Work order -> Please output the data exactly, minus pictures.

Supplied material ->
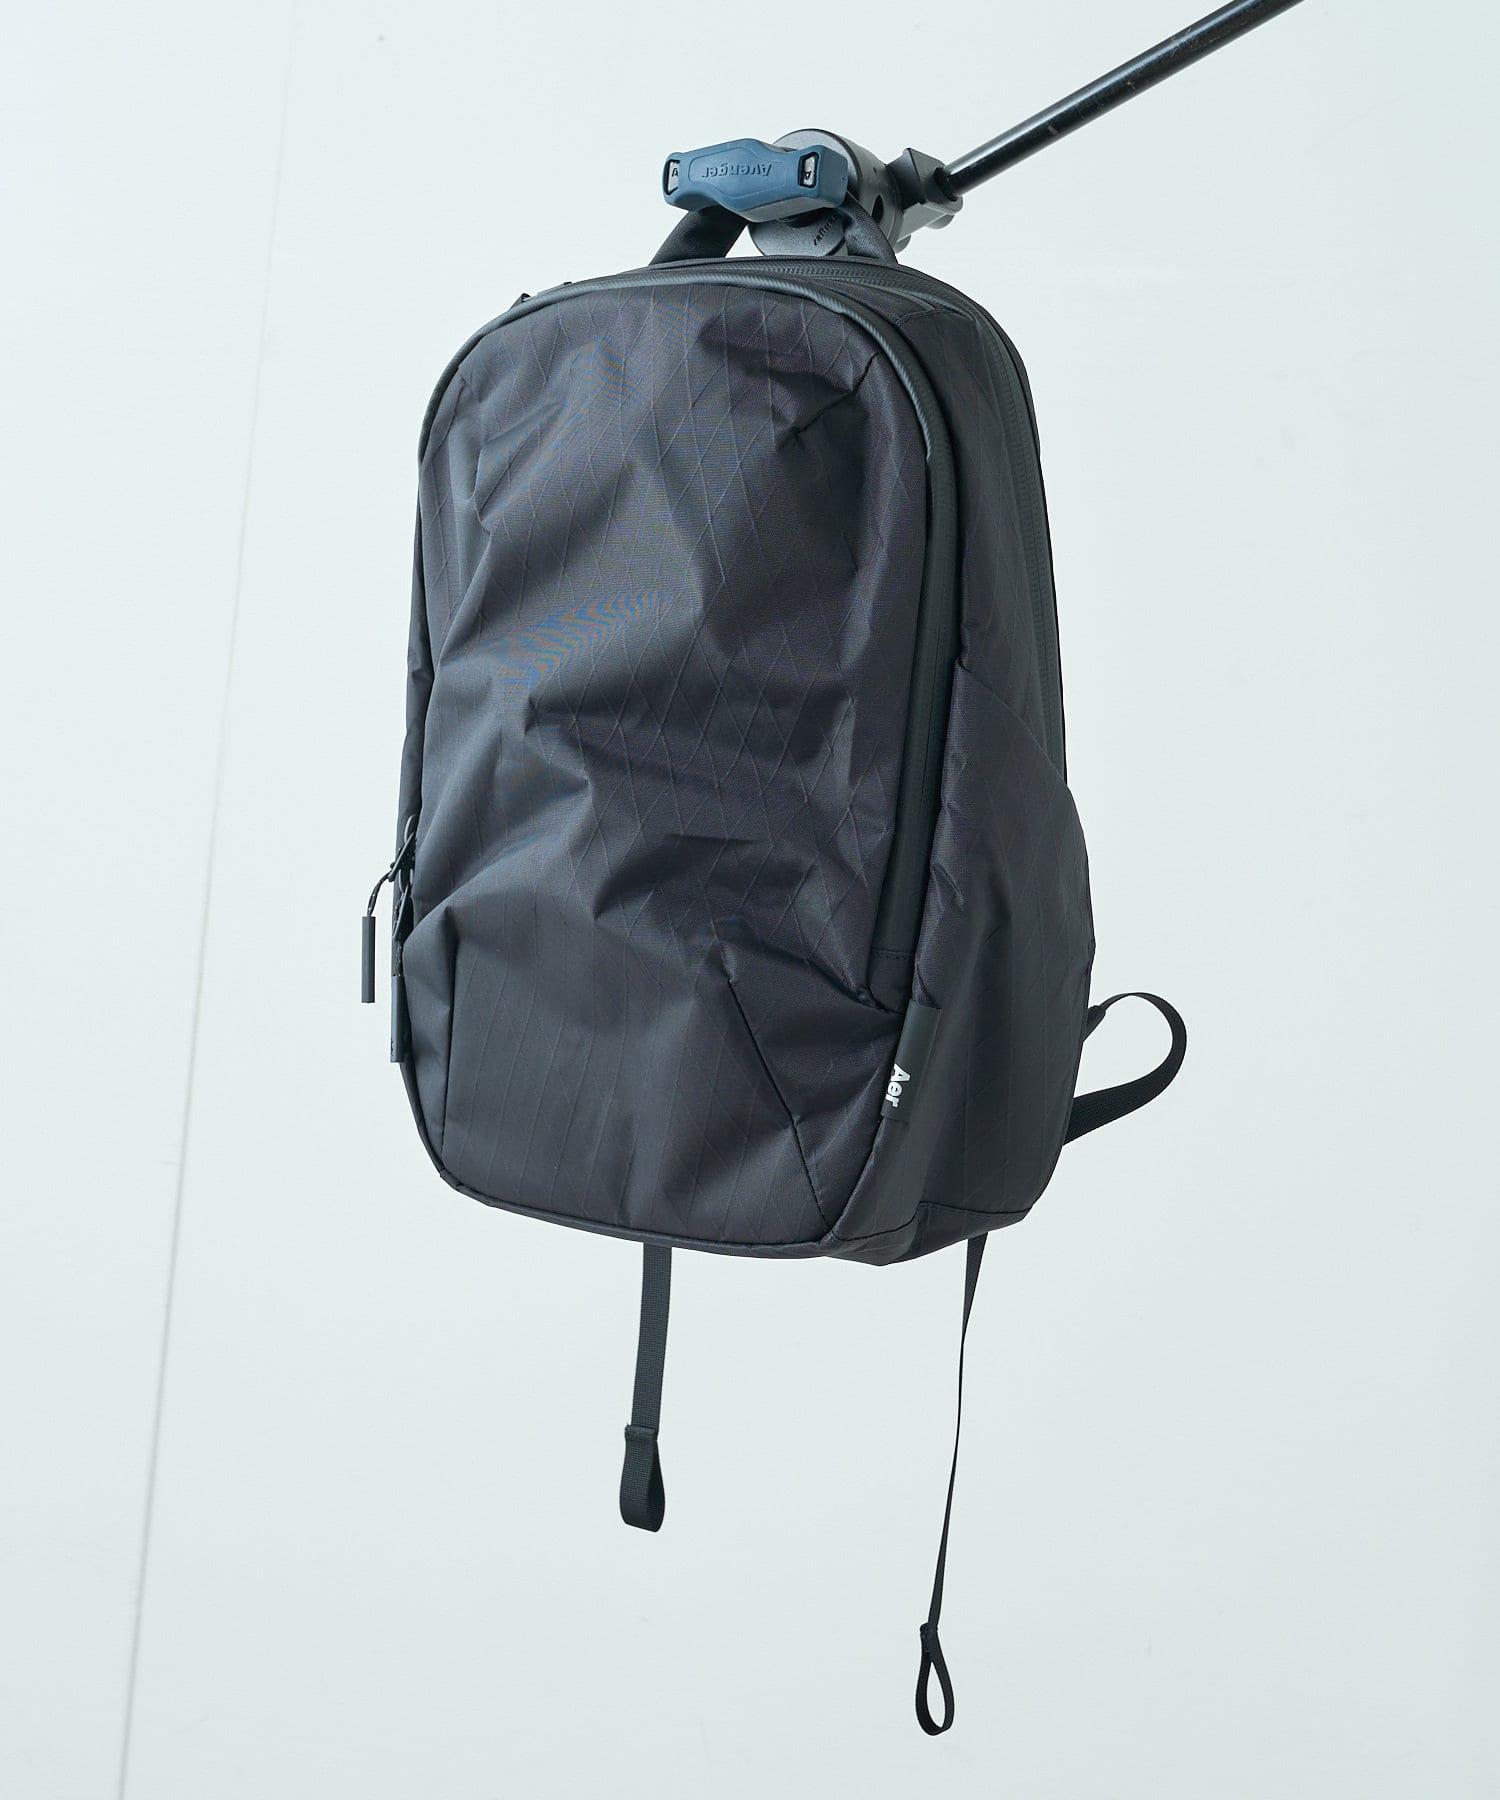 Lui's(ルイス) レディース 【AER / エアー】21SS DAYPACK 2 XPAC(バックパック) ブラック
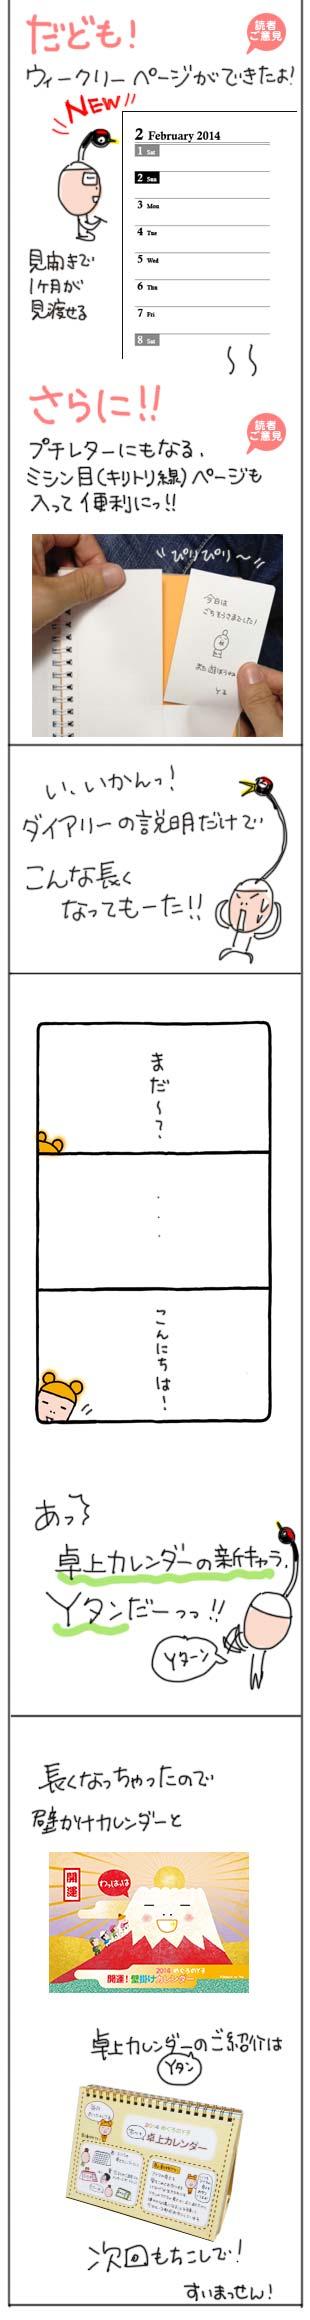 2012-4.jpg
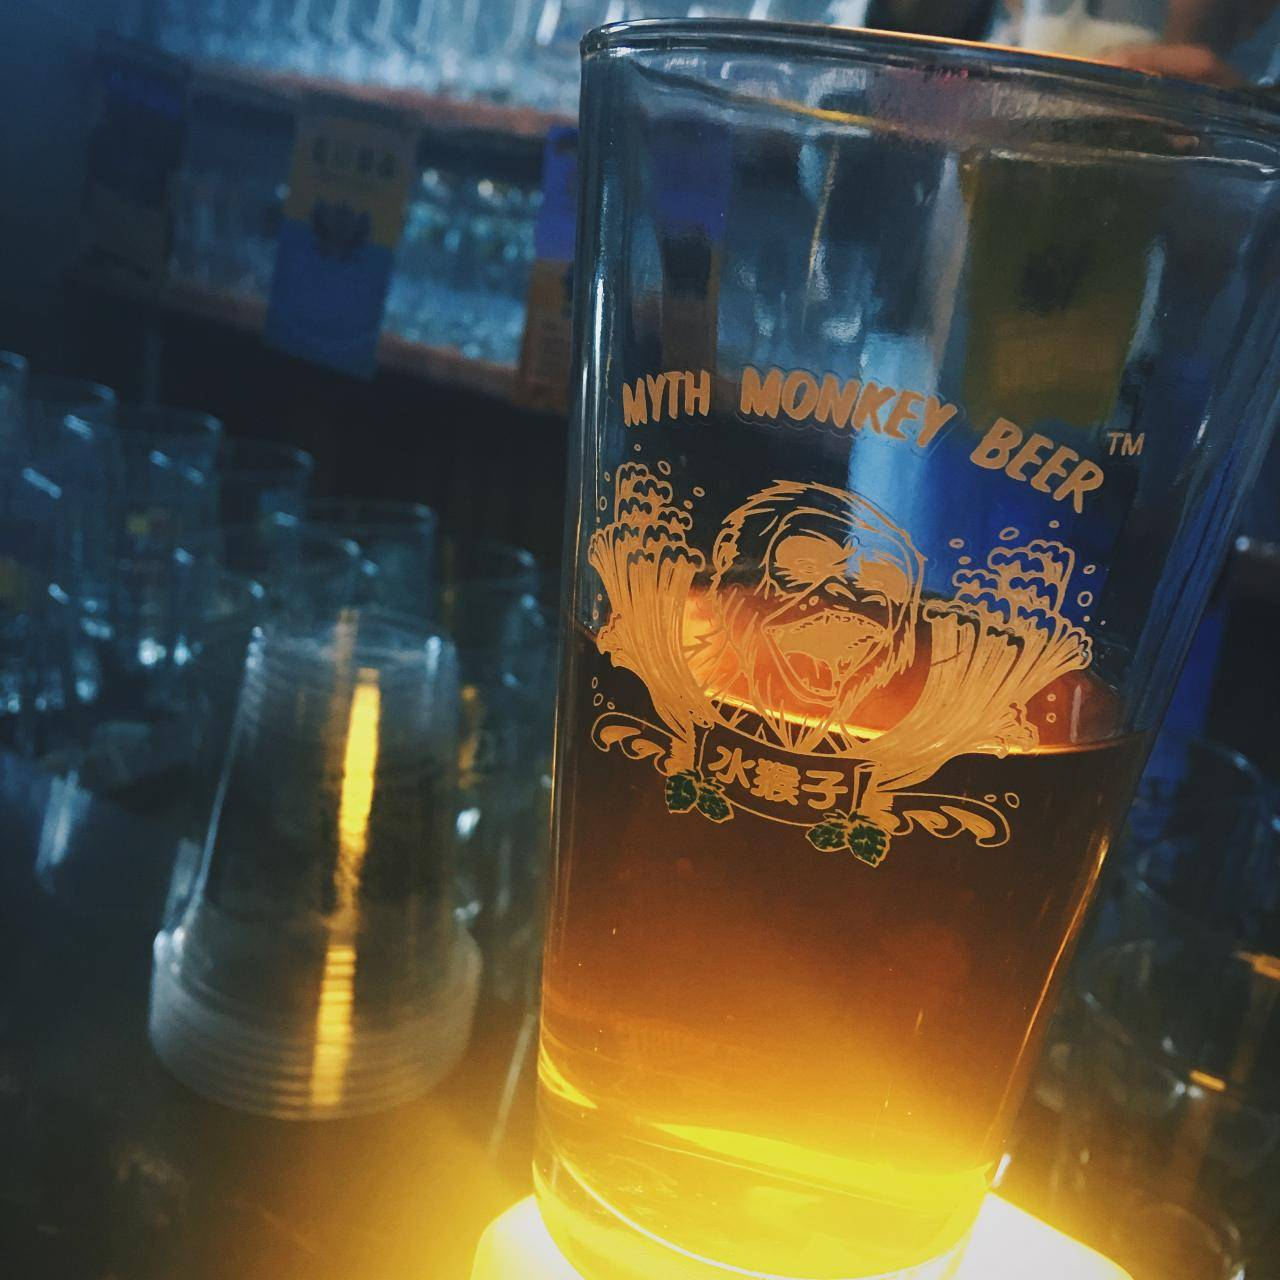 徐州精酿啤酒连锁招商怎么报名-精酿啤酒加盟怎么样?-大麦丫-精酿啤酒连锁超市,工厂店平价酒吧免费加盟

Exercise solution ->
 Lui's(ルイス) レディース 【AER / エアー】21SS DAYPACK 2 XPAC(バックパック) ブラック
 2012-4.jpg
 徐州精酿啤酒连锁招商怎么报名-精酿啤酒加盟怎么样?-大麦丫-精酿啤酒连锁超市,工厂店平价酒吧免费加盟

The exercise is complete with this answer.